• Rozdział 8 •

69 4 19
                                    

Obudziłam się na podłodze. Zasnęłam po może 3 godzinach od wymiany zdań z Janem.

Poszłam do łazienki i odrazu się ogarnęłam żeby wyglądać jak człowiek. Ubrałam pierwsze rzeczy z walizki, które wpadły mi w ręce, ale to jednak lepiej niż chodzić cały dzień w piżamie.

Wyszłam z pokoju i odrazu poczułam zapach naleśników. Usiadłam przy stole i patrzyłam jak Ania je robi. Po jakimś czasie były gotowe, więc odrazu je dostałam.

- Ciężka noc? - Zaśmiała się cicho dziewczyna. - Wiem, że pewnie trudno będzie ci jeździć codziennie i co rusz zmieniać miejsce pobytu, lecz mam nadzieję że się przyzwyczaisz i już niedługo będzie lepiej.

Szkoda, że ta zarwana noc nie była spowodowana zmianą miejsca...

Z pokoju wyszedł Paweł, który też chyba nie mógł spać. Podszedł do stolika i usiadł obok nas.

- Która z was tak krzyczała dzisiaj w nocy? - Zapytał, przecierając twarz ręką. - Mam wrażenie, że poszło o coś mocnego, bo to nie była zwykła kłótnia.

Cały czas patrzyłam na naleśniki, które wydawały się bardzo interesujące.

Na szczęście temat po jakimś czasie zniknął i rozmawialiśmy o dzisiejszym koncercie. Miał się zacząć o 21, lecz musieliśmy wyjechać wcześniej, bo odbywała się jeszcze próba.

Kiedy zjadłam, postanowiłam wyjść na spacer z dziewczynami, które są w chórku razem ze mną.

Okazało się, że są naprawdę sympatyczne i widać jak bardzo się cieszą, że mogą być w tej trasie, biorąc czynny udział.

Po paru godzinach wróciłyśmy, a ja odrazu zamknęłam się z pokoju i zaczęłam czytać jakąś książkę z półki. Niestety straciłam poczucie czasu, przez co o 19 do mojego pokoju wpadła jedna z dziewczyn, mówiąc, że zaraz jedziemy i mam już iść na parking.

Szybko zgarnełam do torebki najpotrzebniejsze rzeczy i zbiegłam na dół.

W samochodzie siedziałam z Janem, który na moje szczęście prowadził, przynajmniej był czymś zajęty. Anią, która jeszcze wszystko dopinała na ostatni guzik i jedną z chórzystek która zagadywała blondyna, chociaż on nie był nią w ogóle zainteresowany, co jakiś czas zerkał na mnie przez lusterko.

Kiedy dojechaliśmy, zobaczyłam ogromną scenę. Usiadłam na jednej z ławek i podkuliłam nogi. Dziewczyny usiadły tuż pod sceną patrząc z wielkim zainteresowaniem na chłopaka, który już zdążył wejść na scenę, niosąc mikrofon.

Kiedy wszyscy ci, którzy powinni być podczas występu dotarli, próba się zaczęła.
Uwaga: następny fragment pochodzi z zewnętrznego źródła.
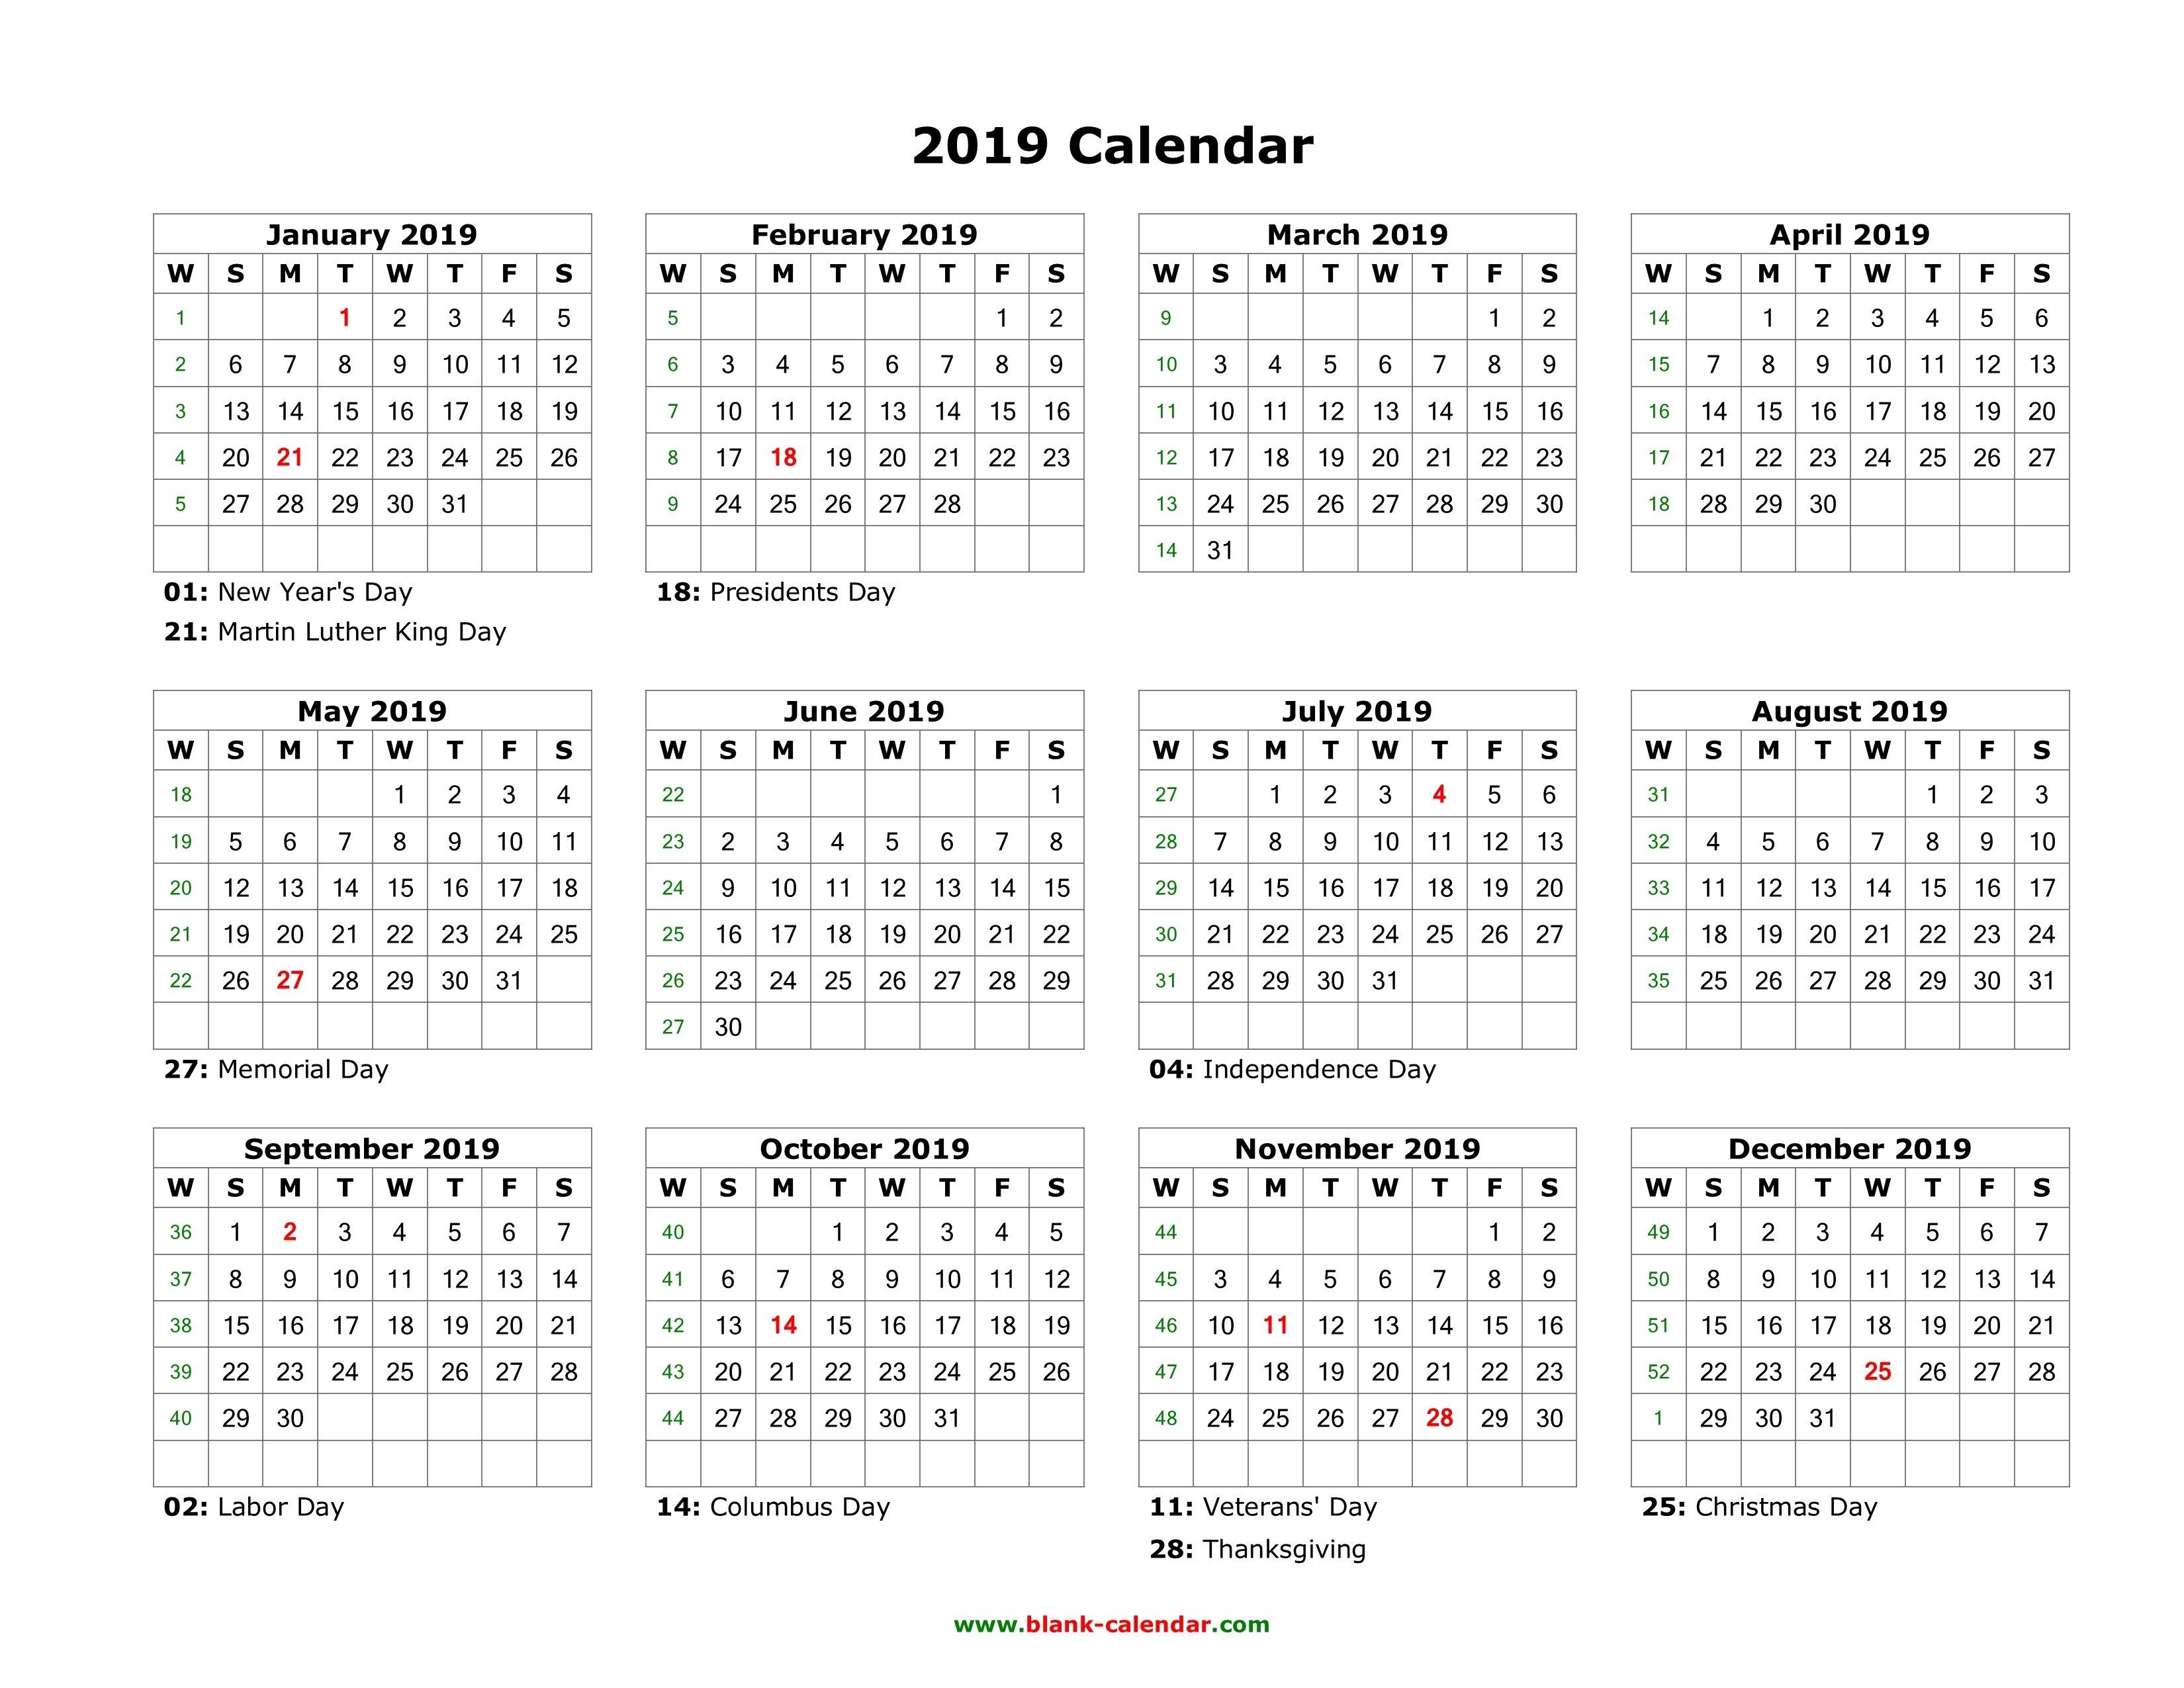 Blank Calendar 2019 | Free Download Calendar Templates Calendar 2019 Doc

Dostałam tekst. Zaczynaliśmy od "Body Temperature". Śledziłam palcem literki, próbując zapamiętać każdy szczegół. Zaśpiewał parę utworów, na przykład "Promise", "LOOKATME" czy "Met the God".

Po usłyszeniu niektórych jego piosenek byłam w stanie stwierdzić, że został bardzo przez kogoś zraniony, lecz nie był to zwykły ból o którym po paru miesiącach zapominasz. On przelał te wszystkie uczucia na papier, tworząc kolejne piosenki z którymi każdy mógł się utożsamić, każdy odbierał je w inny sposób, według własnych doświadczeń. Chociaż to Jan tak naprawdę wiedział jakie historie stoją za tymi łamiącymi serce tekstami.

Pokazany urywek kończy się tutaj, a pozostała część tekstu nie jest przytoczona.